Serolojik testler, bir kişinin hasta insanlarla temas edip etmediğini ve enfekte olup olmadığını belirlemek için bir parmak veya damardan kan alınarak yapılır. Yöntemin adı Latince "serum" kelimesinden türetilmiştir. Laboratuvarda, kan uygun olanla karıştırılır. Kanda antikorlar varsa, son zamanlarda renk değiştirir.
Önceki iki yöntemin aksine, serolojik testler, semptomlardan bağımsız olarak antikorları tespit etmeyi amaçlamaktadır ve bir kişinin hastalığa karşı bağışık olup olmadığını belirlemeye yardımcı olur. Yani, hem aktif hastalar hem de daha önce iyileşmiş olanların yanı sıra PCR ile tespit edilemeyen koronavirüsün asemptomatik taşıyıcıları incelenir. İkincisine "süper yayıcılar" da denir. Bu birey kategorisindeki enfeksiyonun tam kapsamı henüz bilinmemekle birlikte, şiddetli semptomların yokluğunda koronavirüsün saptanması hem asemptomatik taşıyıcıların tanımlanmasında hem de hastalığın pre-semptomatik aşamasında önemlidir.
Bu nedenle, bu yöntem hem hastalığın hem de popülasyonun koronavirüse karşı korunmasının değerlendirilmesinde önemlidir. Böylece, salgına karşı etkili önlemler geliştirmek mümkündür.

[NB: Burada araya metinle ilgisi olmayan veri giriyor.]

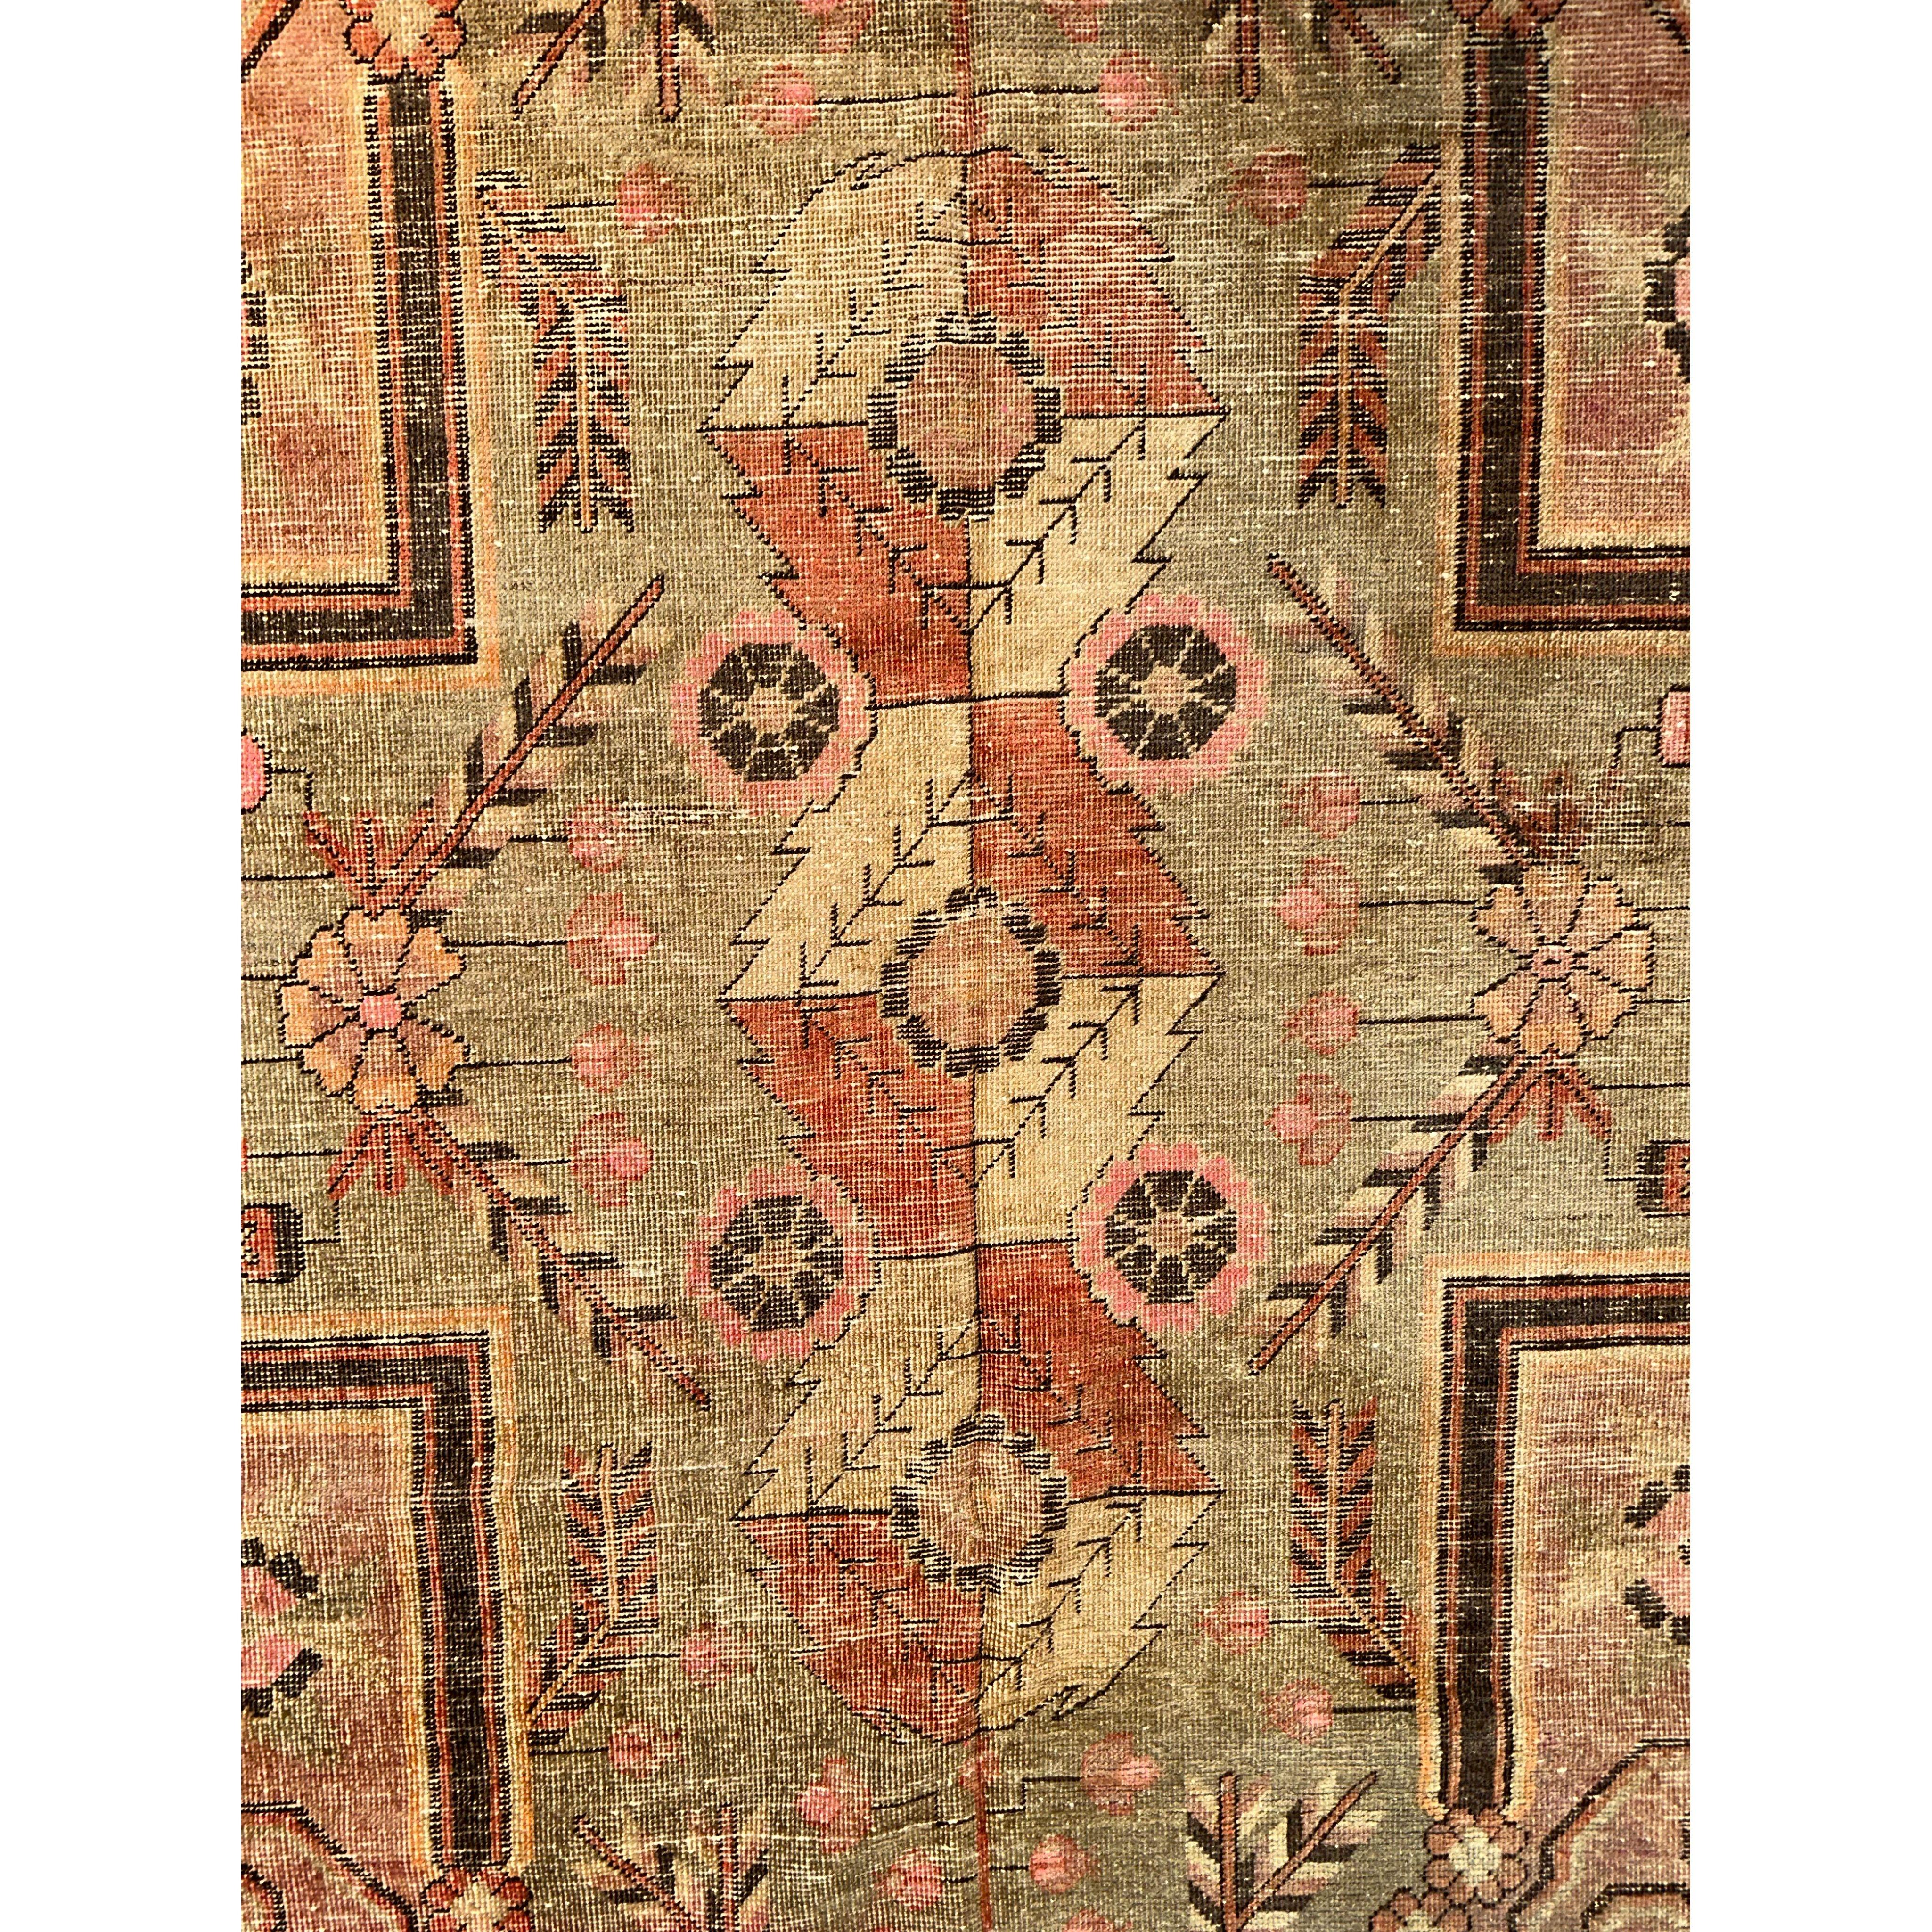 Late-19th Century Khotan Samarkand Rug In Good Condition For Sale In Los Angeles, US
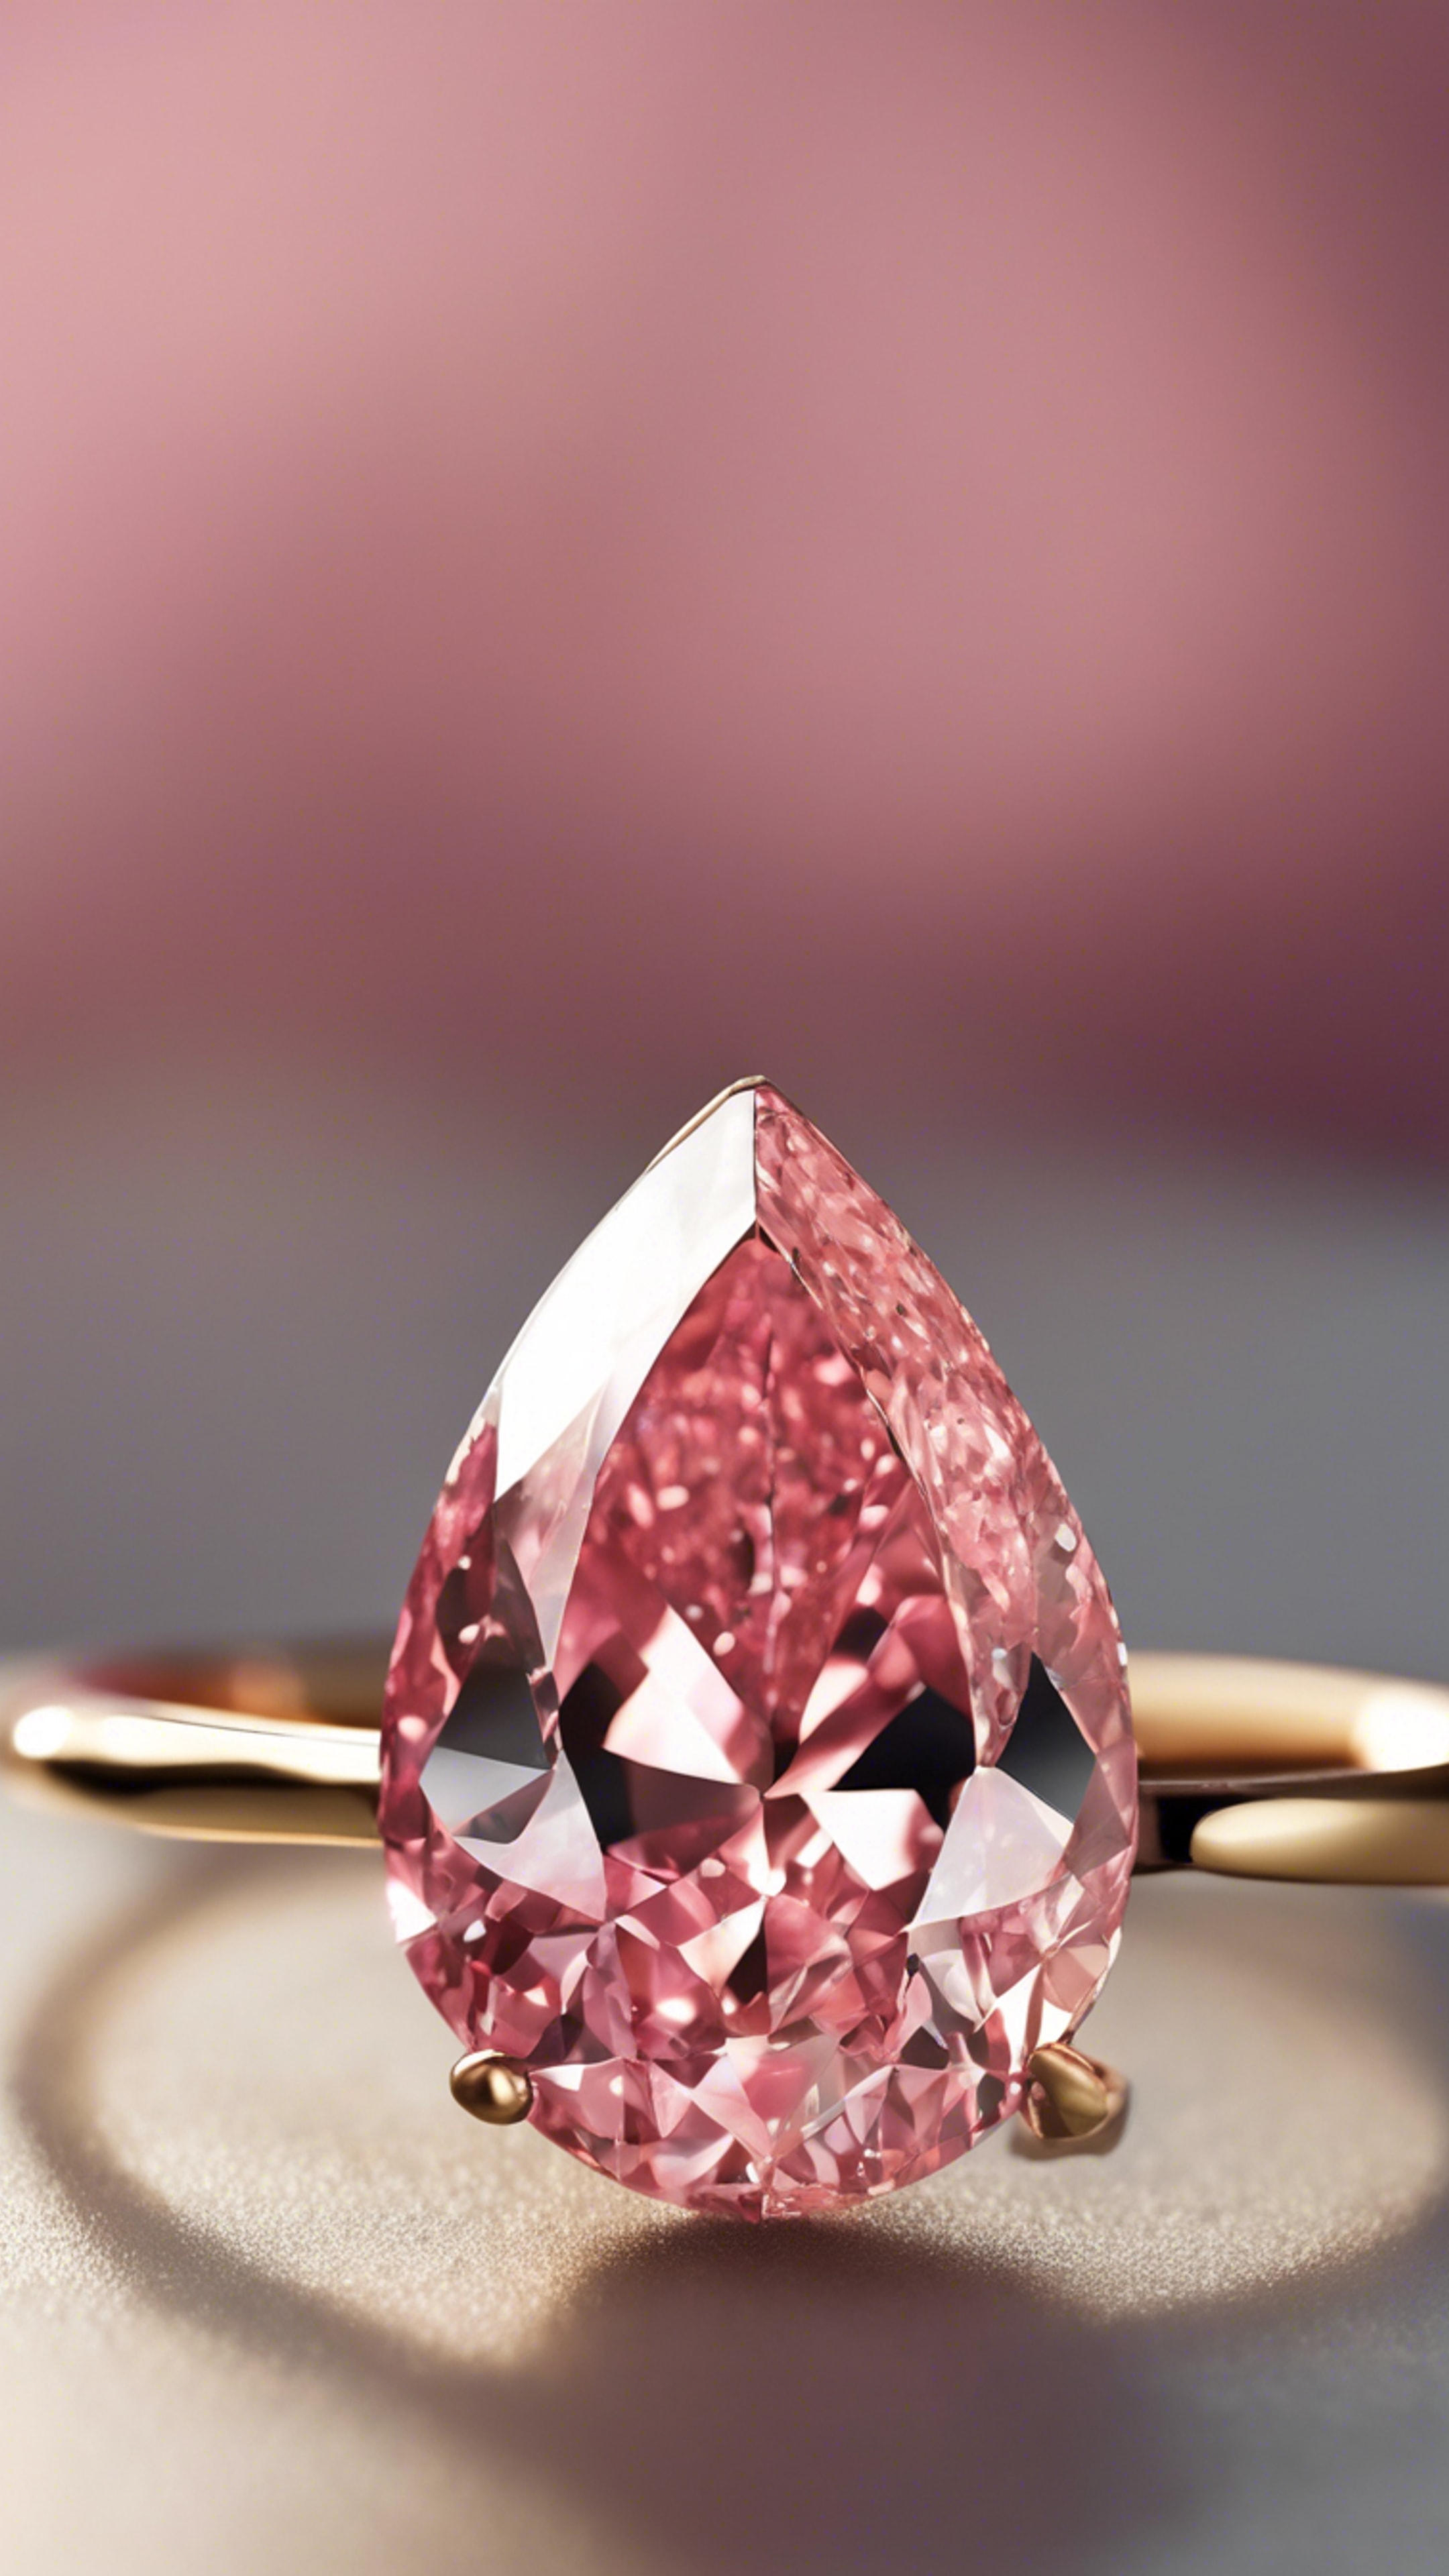 A close-up of a pink pear-shaped diamond on a simple gold band. 벽지[930f75676b4b4a58983f]

Bununla birlikte, antikorların varlığı, koronavirüs ile yeniden enfeksiyon olasılığını garanti etmez. Bu konu henüz açıklığa kavuşmamıştır. Son çalışmalar, antikor sayısının hastalıktan üç ay sonra keskin bir şekilde azaldığını göstermektedir. Başka bir deyişle, hastaların direnci kararsız olabilir. Aşı hazırlanırken bu dikkate alınır. Belki de aşılamadan bir süre sonra, antikorlar kaybolacak ve düzenli olarak aşılanmanız gerekecektir.
Bu bağlamda, aşı üreticileri antikorlarla birlikte insan direncinin ikinci aracı olan T hücrelerini uyarmayı amaçlayan ilaçların geliştirilmesine odaklanmaktadır. İkincisinin aksine, T hücreleri vücutta uzun süre kalır ve böylece koronavirüs ile yeniden enfeksiyona etkili bir şekilde cevap verebilir.
Ek olarak, serolojik test, koronavirüs tedavisi için önemlidir. Bir tedavi, zaten enfekte olmuş hastaların plazma transfüzyonları olabilir. Bu yöntemin daha önce ilaçların ve aşıların yokluğunda hastalıkla mücadelede etkili olduğu gösterilmiştir.
Son olarak, koronavirüs mortalite ve mortalite istatistikleri, mortaliteyi, yani insan popülasyonu için riski hesaplamak için kullanılabilir.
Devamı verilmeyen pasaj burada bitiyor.